A conclusione della mattinata si è svolta una piccola sfilata dimostrativa realizzata dagli studenti del settore moda. Sono stati presentati alcuni abiti da sposa donati alla Caritas e successivamente recuperati, modificati e riadattati grazie al lavoro degli allievi. Gli abiti, trasformati con creatività e competenza tecnica, potranno così essere nuovamente messi a disposizione, in prestito, per persone e famiglie in difficoltà.

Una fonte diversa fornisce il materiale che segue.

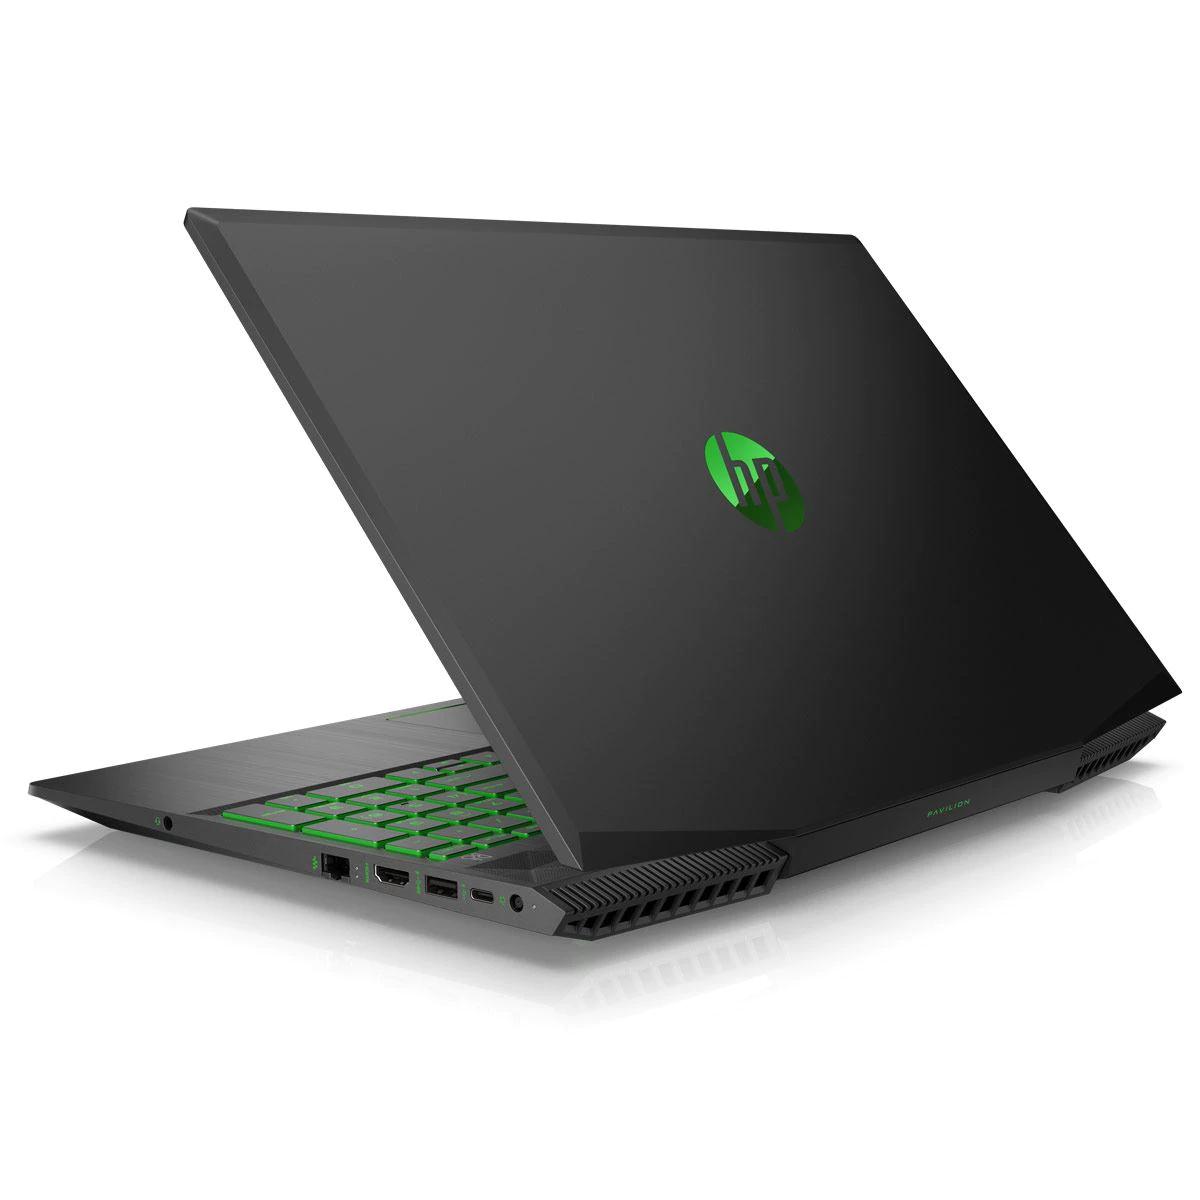 "Laptop Gamer hp 15-cx0001 i5 8300h 8ram 1tb gtx 1050 4gb win 10 home 15.6"""

Il progetto ha coinvolto gli studenti in un’esperienza concreta di solidarietà e sostenibilità: circa trenta abiti sono stati restaurati mantenendo i tessuti originali ma donando loro uno stile più moderno e attuale. Un lavoro che ha permesso ai ragazzi di mettere in pratica quanto appreso durante il percorso scolastico, trasformando la formazione in un gesto reale di attenzione verso il prossimo.

La giornata si è conclusa con un messaggio forte e condiviso: ascoltare i giovani significa comprendere i loro bisogni, accompagnarli nella crescita e costruire insieme un futuro in cui formazione, lavoro e relazioni possano trovare un nuovo equilibrio.